Kings Co. Sheriff's and their new substations

March 15, 2013 12:35:10 AM PDT
Three of the four new substations are in existing buildings. If the county were to build brand new ones it would cost several million dollars, instead the sheriff's office uses the buildings for free.

The sheriff says the new substations allow the deputies to be out in the community more.

While children play nearby, parents and teachers can know that soon, a Kings County Sheriff's Deputy will call the Kings River-Hardwick School his or her office.

Larry Fritz of Kings River-Hardwick School District said, "Of course we're glad to have them here because any school would be glad to have the presence of sheriff's officers on their campus it's just peace of mind."

Kings River-Hardwick is one of four new Kings County Sheriff substation locations. The other three are in Stratford, this old county fire station on south 10th avenue and Parkview Middle School in Armona.

Sheriff Dave Robinson says all the new locations make geographic sense

Robinson said, "The Kings River-Hardwick School makes sense because it's on the north end of the county where we do not have a substation. Armona makes sense because it's more centrally located in the county but it's not in the city of Hanford."

Just a few weeks ago deputies responded to Parkview Middle School in Armona, where one student stabbed another student. Sheriff Robinson says the fact that the sheriff's office will soon have a substation on the school campus could curb future crimes.
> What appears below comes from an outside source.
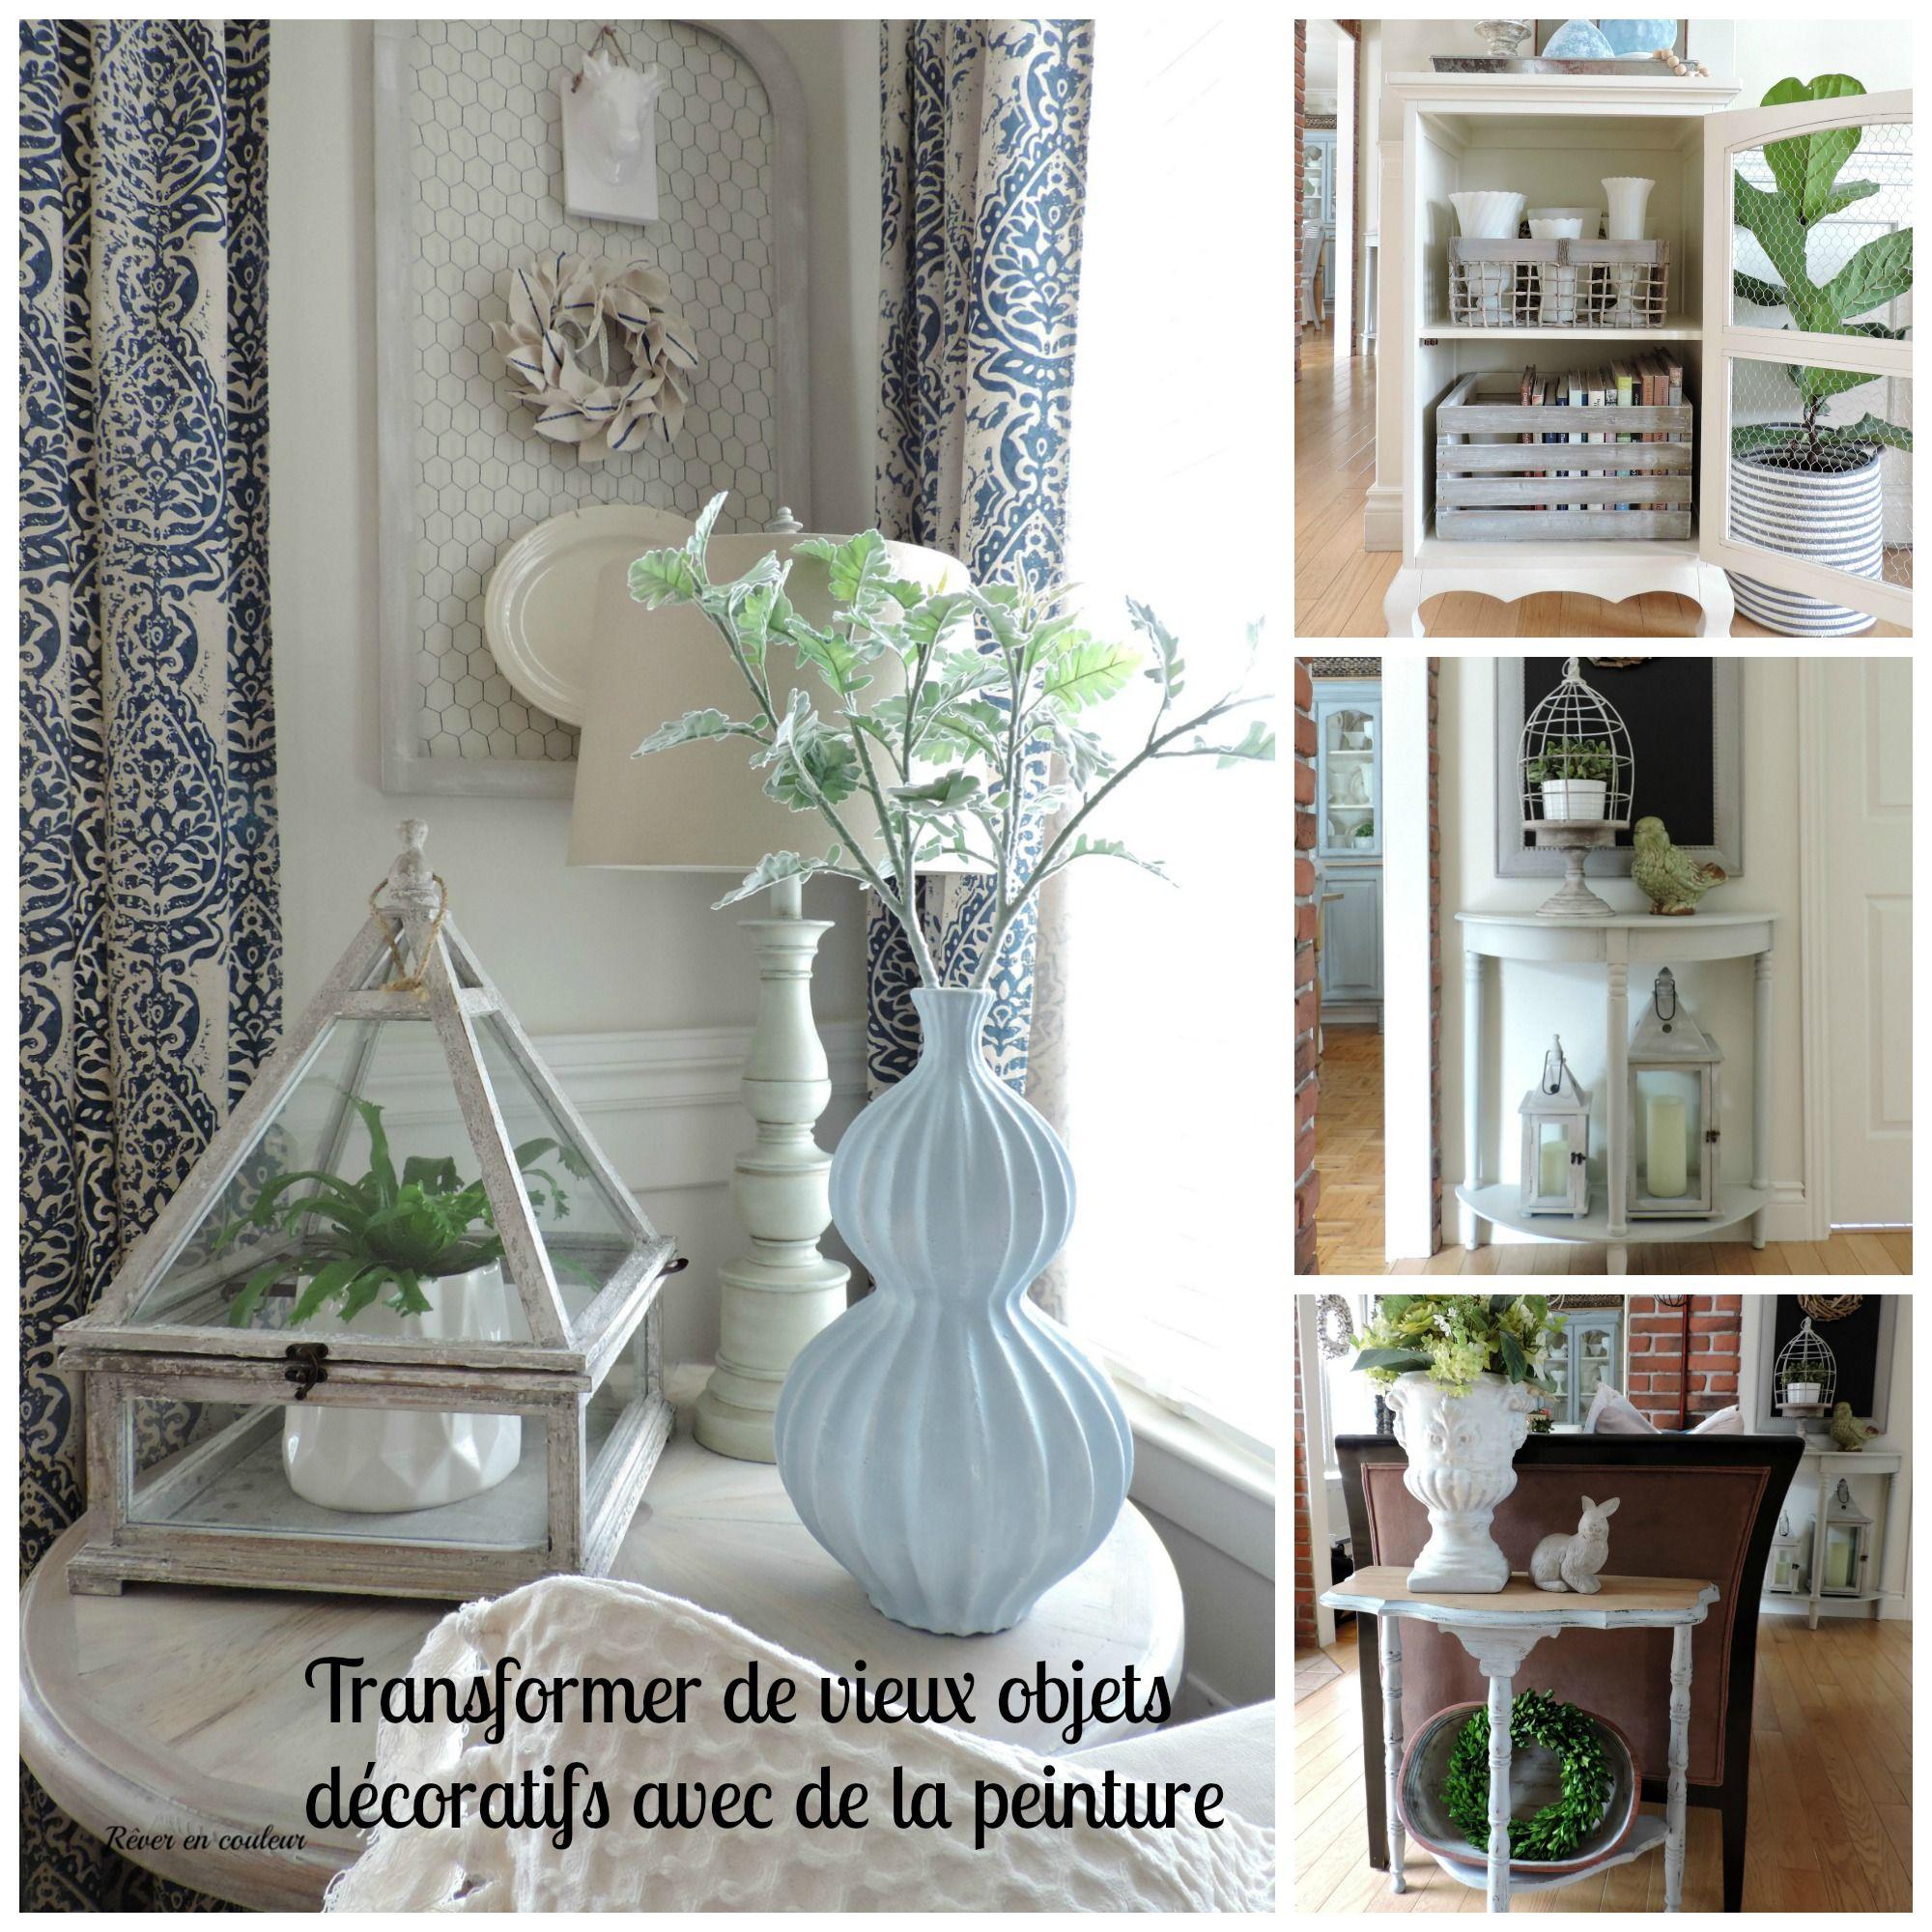 Home accessories transformed with paint récupérer de vieux objets déco avec de la peinture

"You can never predict the future but obviously hope that by more visibility and closer interaction with the schools or other community functions that you do have some crime prevention aspect that's involved."

Robinson stresses that no suspects in a crime will ever be brought on campus unless the suspect is connected to the school.

A key part of making the new substations successful is computers. Previously, patrol deputies who worked in the new substation areas had to come back to headquarters to fill out reports, which meant they spent less time out on patrol in the community.

Robinson said, "The nice thing is technology has come far enough now where we can get computers set up where they can literally do the same thing at a substation that they can somewhere else."

The substation and the one in Stratford are already open. The ones at the two schools will be open by mid-April.

The sheriff will be asking the board of supervisors to fill four frozen deputy positions to help them staff the new substations.